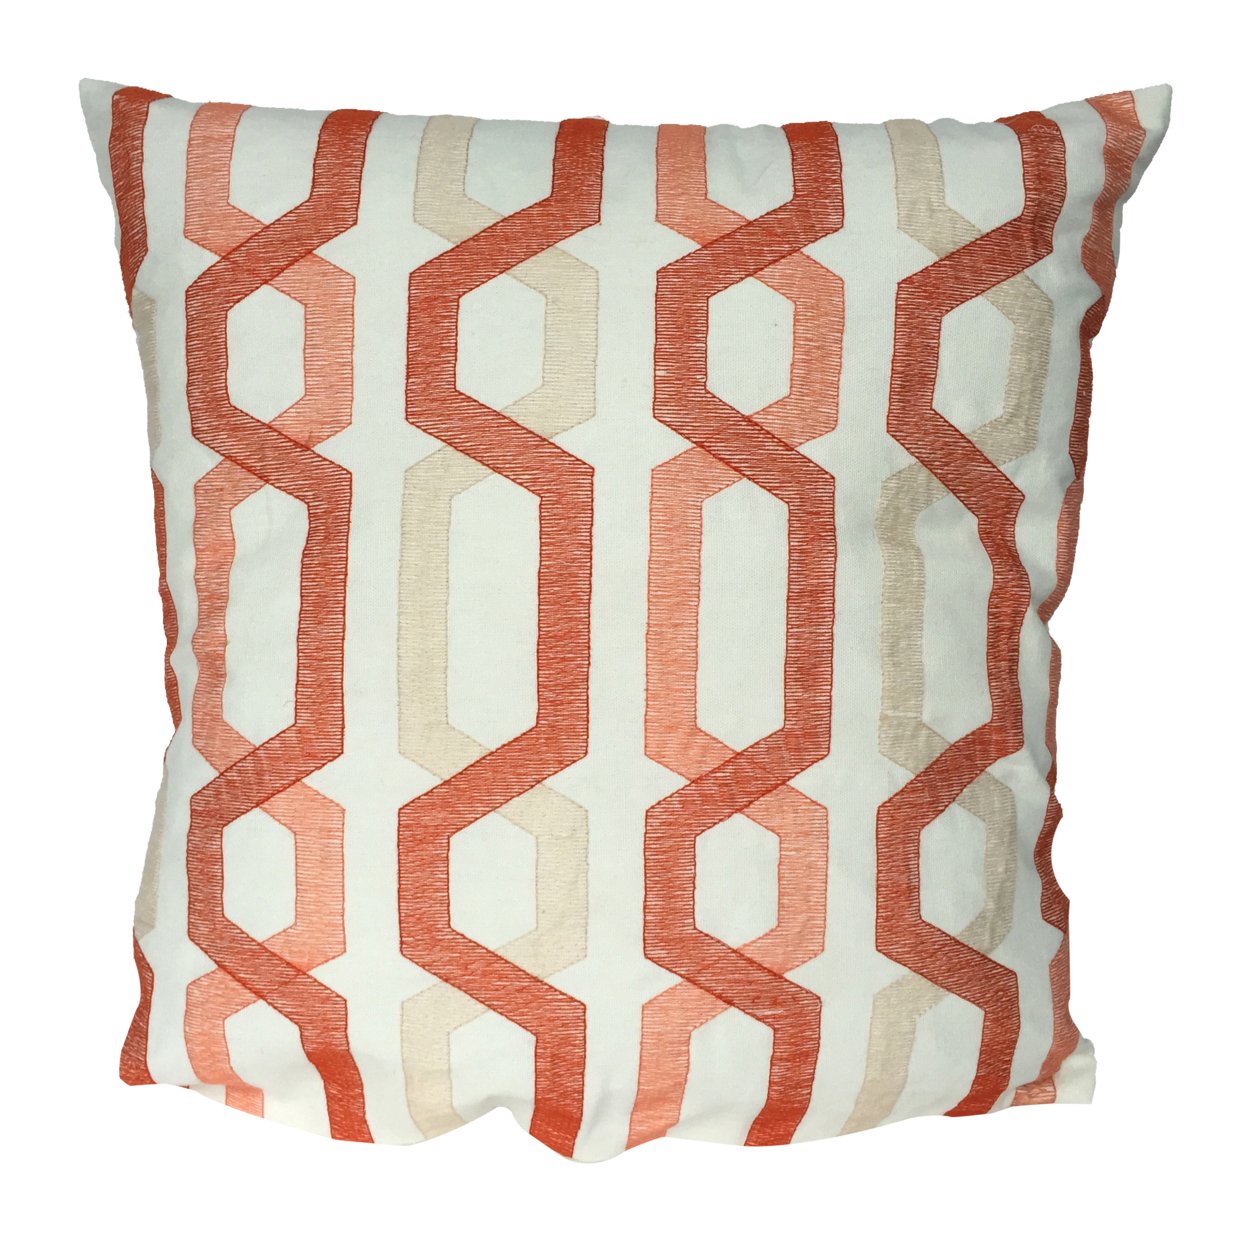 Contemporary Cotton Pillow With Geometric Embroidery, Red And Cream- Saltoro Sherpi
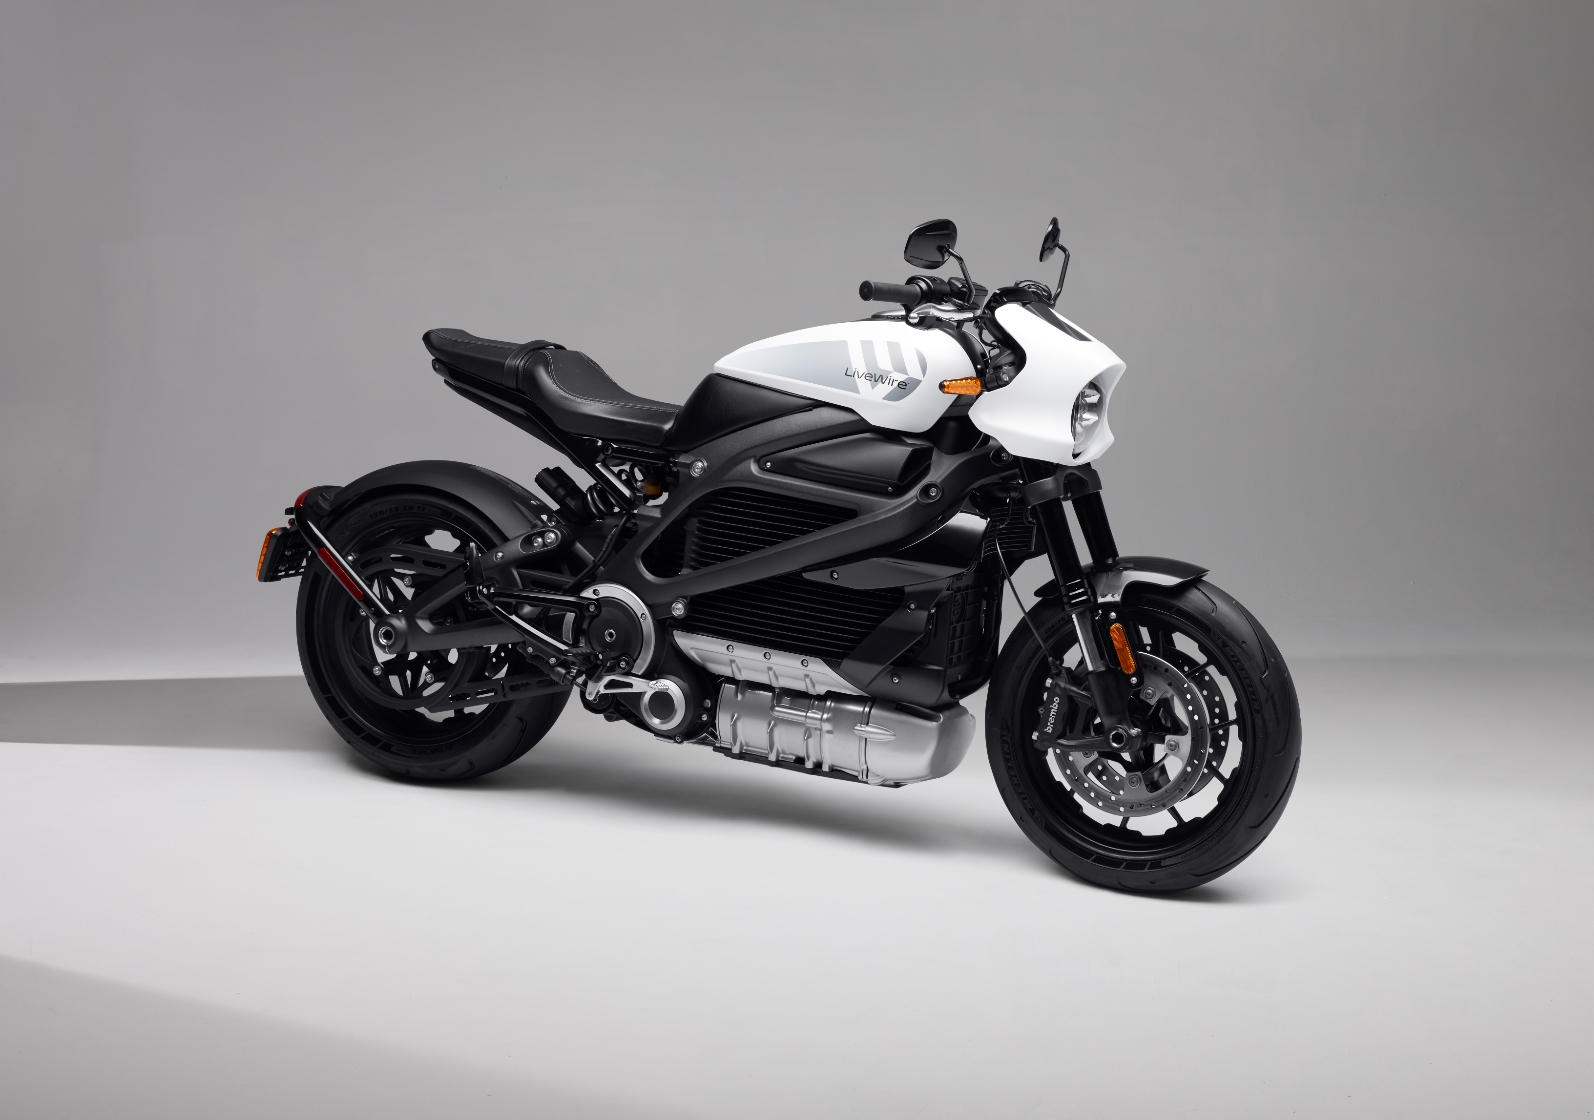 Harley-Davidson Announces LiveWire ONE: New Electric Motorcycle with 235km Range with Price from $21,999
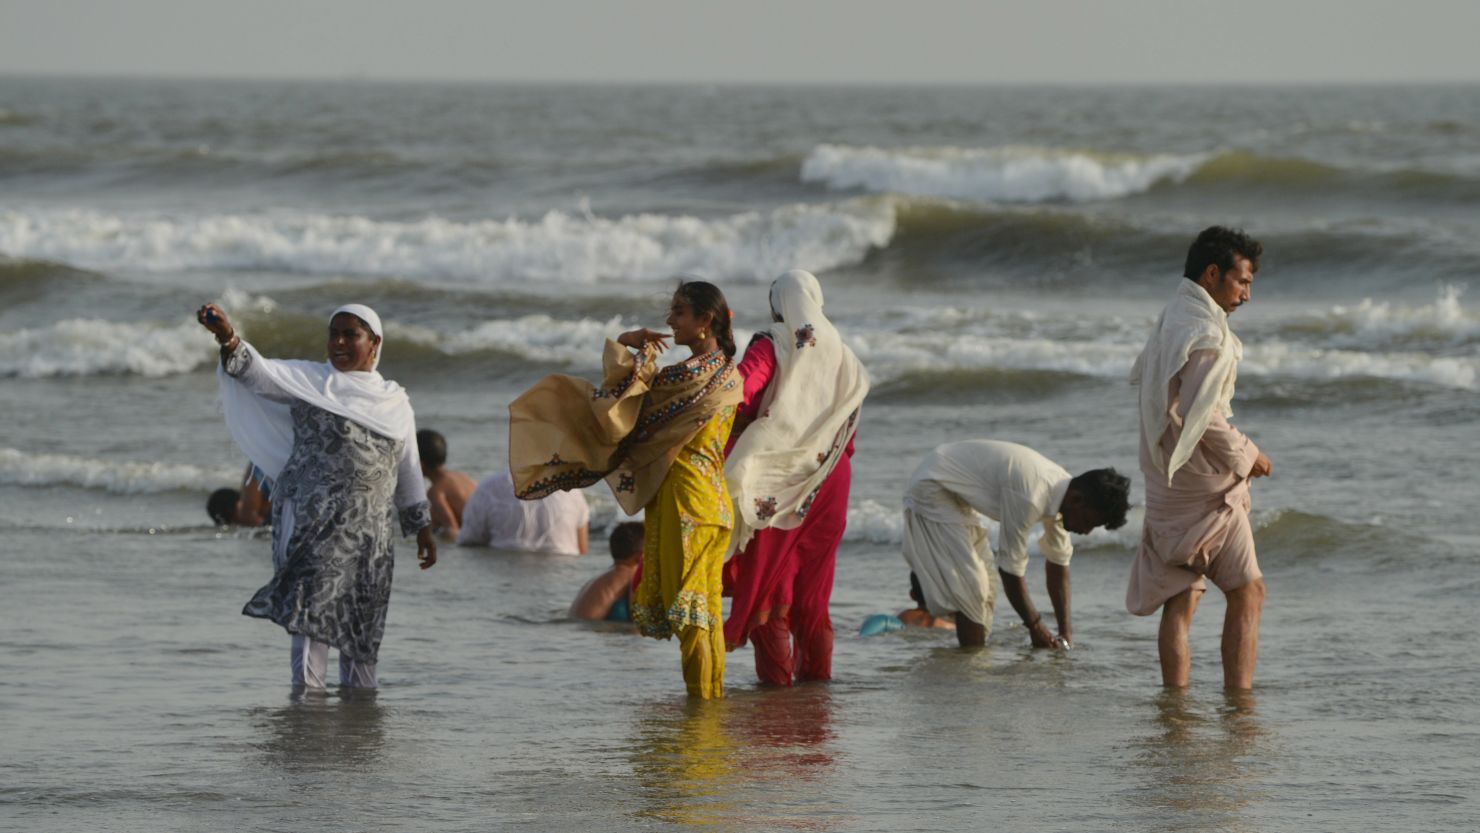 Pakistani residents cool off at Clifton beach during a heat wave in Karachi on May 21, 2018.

==

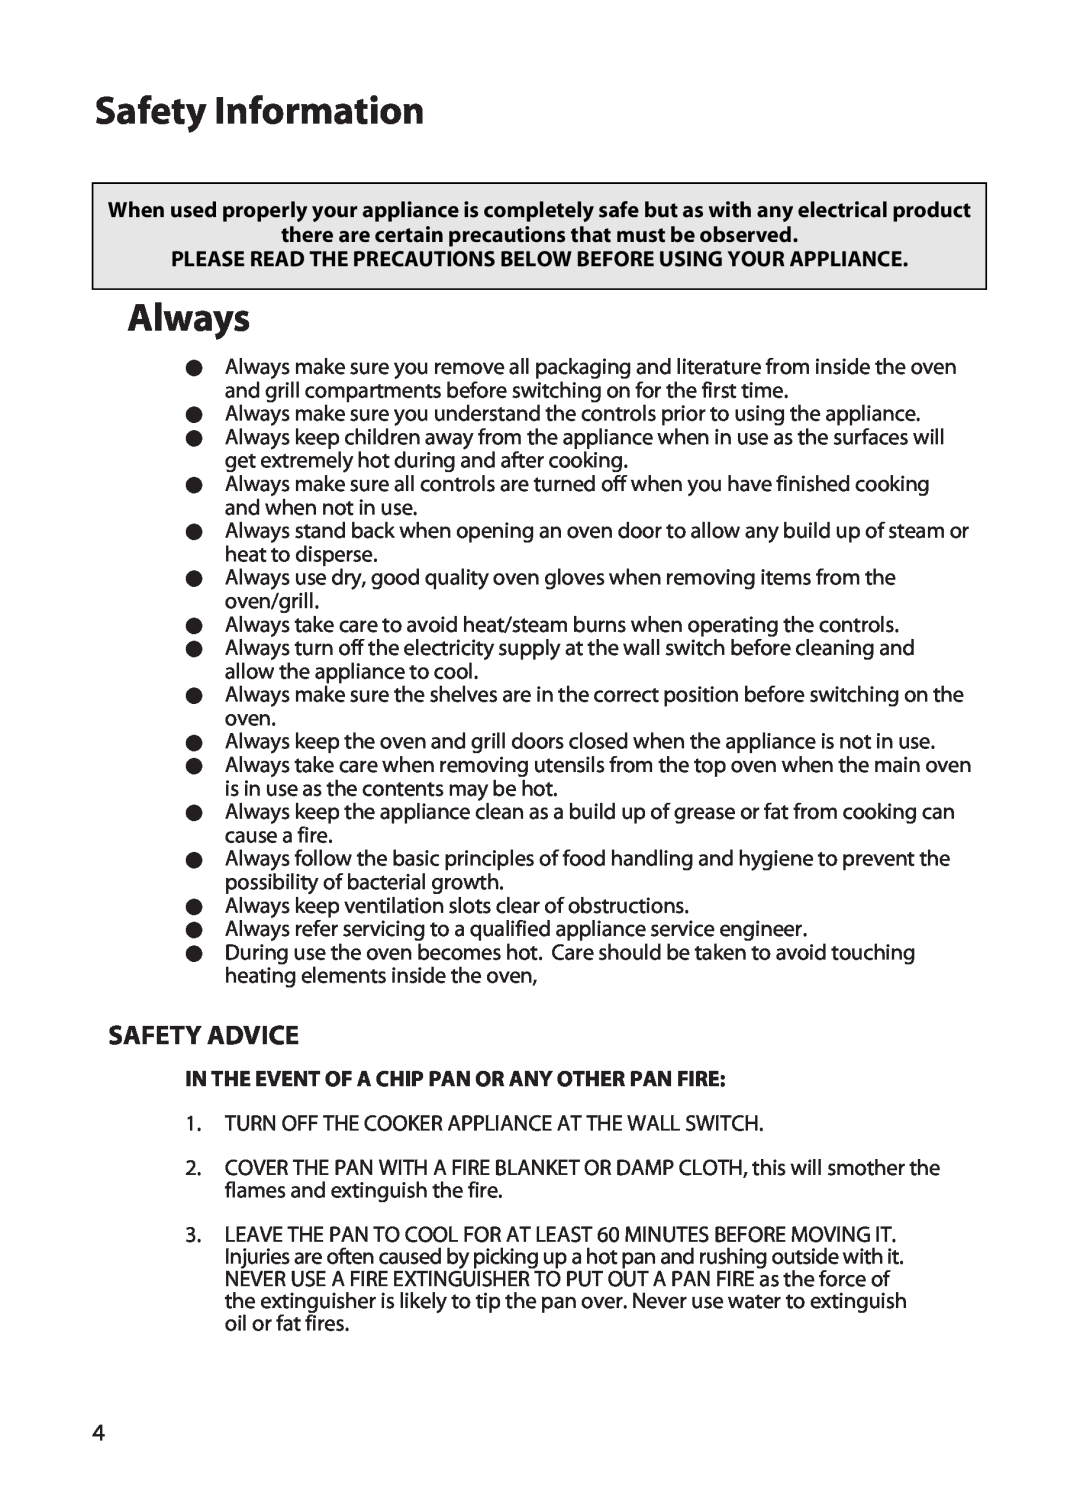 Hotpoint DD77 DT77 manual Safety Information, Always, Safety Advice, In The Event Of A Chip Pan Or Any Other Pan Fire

REQUIRED ACTION: Here the job is to copy the stretch of records from the line containing "Harley-Davidson Announces LiveWire" through the line containing "Pakistani residents cool", word for word. Leave every picture out.

RESPONSE:
 Harley-Davidson Announces LiveWire ONE: New Electric Motorcycle with 235km Range with Price from $21,999
 Pakistani residents cool off at Clifton beach during a heat wave in Karachi on May 21, 2018.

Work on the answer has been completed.